Gross profits for the ECP Division for the third quarter totaled $2.0 million, representing a gross margin of 7.0%, compared to $5.6 million and a gross margin of 13.8% for the third quarter of 2008. Decreases in gross profit and gross margin are indicative of the declining trading margins caused by depressed customer demand and the Division's lack of pricing power in that context. ECP Division gross profits and gross margins for the first nine months of 2009 and 2008 were $5.0 million (6.5%) and $13.5 million (11.8%), respectively.



The ECP Division's EBITDA for the third quarter was $0.8 million compared to $3.8 million for the same quarter of 2008. For the first nine months of 2009 and 2008, the ECP Division's EBITDA was $1.4 million and $7.5 million, respectively.

ECP Division EBITDA Reconciliation to GAAP Net Earnings (Loss)
(in millions of US dollars)

For the periods ended                 Three months             Nine months
 September 30,                    2009        2008        2009        2008
--------------------------------------------------------------------------
                                     $           $           $           $

Divisional net earnings (loss)
 before income taxes              (0.9)        2.3        (3.4)        3.1
Depreciation and amortization      1.7         1.5         4.8         4.4
--------------------------------------------------------------------------
EBITDA                             0.8         3.8         1.4         7.5
--------------------------------------------------------------------------
--------------------------------------------------------------------------
EBITDA margin                      2.8%        9.3%        1.8%        6.6%
--------------------------------------------------------------------------
--------------------------------------------------------------------------

Outlook


"During the third quarter, we saw our customer base increase inventory levels. This restocking could translate into lower demand in the fourth quarter. Propylene-related raw material costs have escalated significantly in the past three months. Unfortunately there is no pricing power in the market and therefore we expect lower fourth quarter gross margins," said Intertape Executive Director, Melbourne F. Yull.



Non-GAAP Information


This release contains a non-GAAP financial measure, EBITDA. The Company believes the inclusion of such a non-GAAP financial measure improves the transparency of the Company's disclosure, and is used by management and the Company's investors in evaluating the Company's performance. The Company has provided a reconciliation of this non-GAAP financial measure to the most directly comparable GAAP measure.
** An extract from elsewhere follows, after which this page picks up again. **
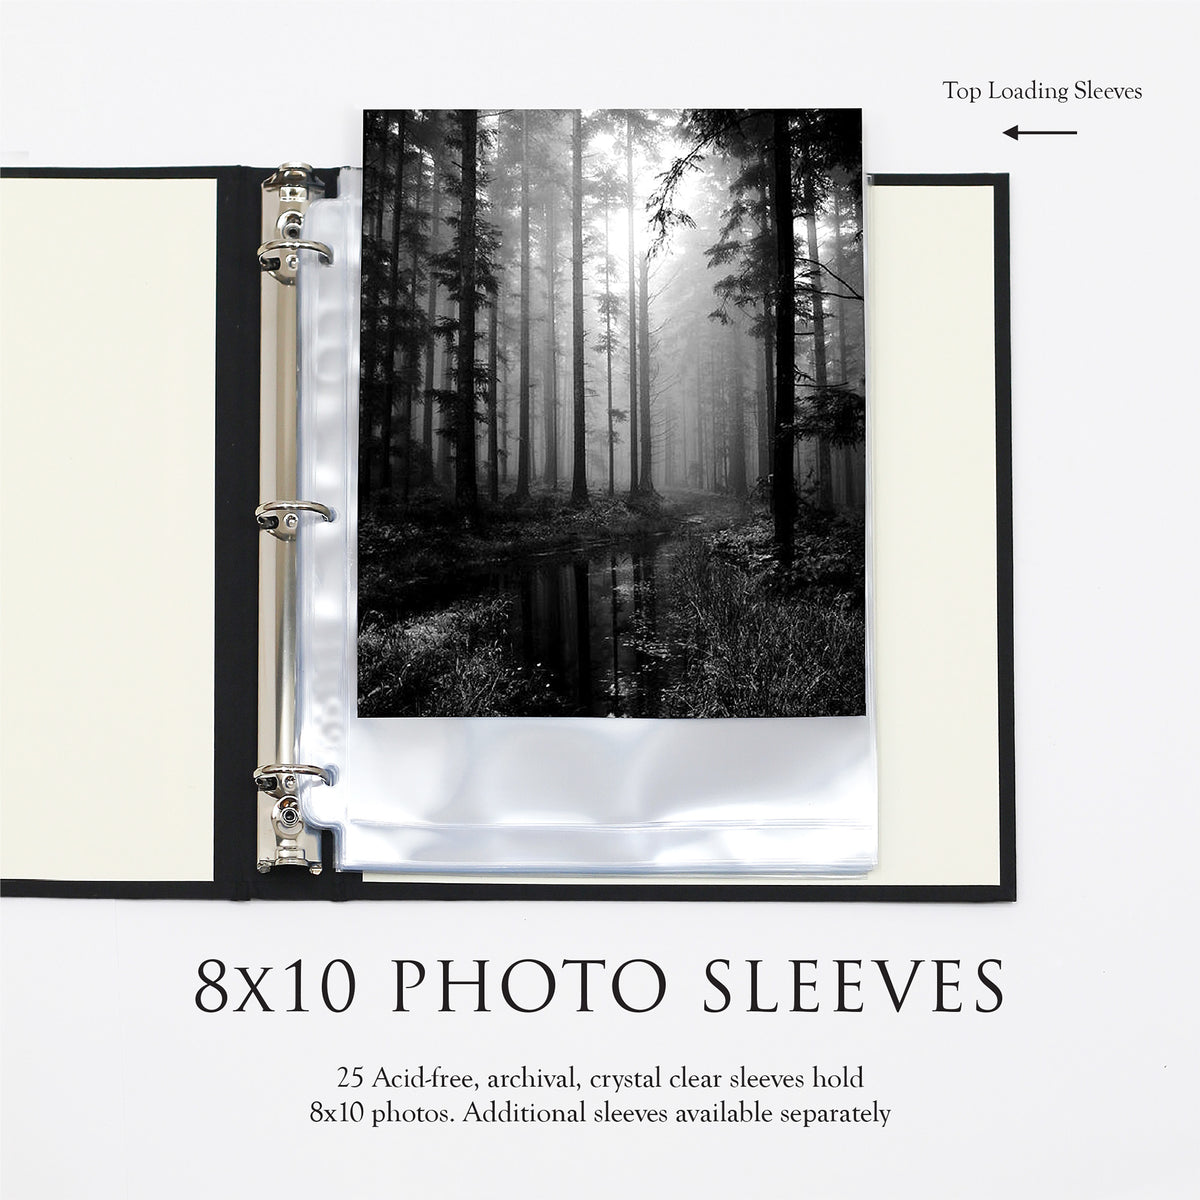 Large Photo Binder For 8x10 Photos | Cover: Natural Linen | Available Personalized

A reconciliation of the Company's EBITDA to GAAP net earnings (loss) is set out in the EBITDA reconciliation table below. EBITDA should not be construed as net earnings (loss) before income taxes, net earnings (loss) or cash flows from operating activities as determined by GAAP. The Company defines EBITDA as net earnings (loss) before (i) income taxes (recovery); (ii) financial expenses, net of amortization; (iii) refinancing expenses net of amortization; (iv) amortization of other intangibles and capitalized software costs; and (v) depreciation. Other companies in our industry may calculate EBITDA differently than we do. EBITDA is not a measurement of financial performance under GAAP and should not be considered as an alternative to cash flows from operating activities or as an alternative to net earnings (loss) as indicators of the Company's operating performance or any other measure of performance derived in accordance with GAAP. The Company has included this non-GAAP financial measure because it is used by management in evaluating the Company's performance.
###PRECONTENT2### Conference Call


A conference call to discuss Intertape's 2009 third quarter results will be held on Wednesday, November 11, 2009, at 10 A.M. Eastern Time. Participants may dial 1-800-288-8960 (U.S. and Canada) and 1-612-332-0530 (International). The conference call will be simultaneously broadcast on our website: www.intertapepolymer.com : (Go to "Investor Relations", "Conference Call Notice" and click on "WebCast" icon for live Web Cast).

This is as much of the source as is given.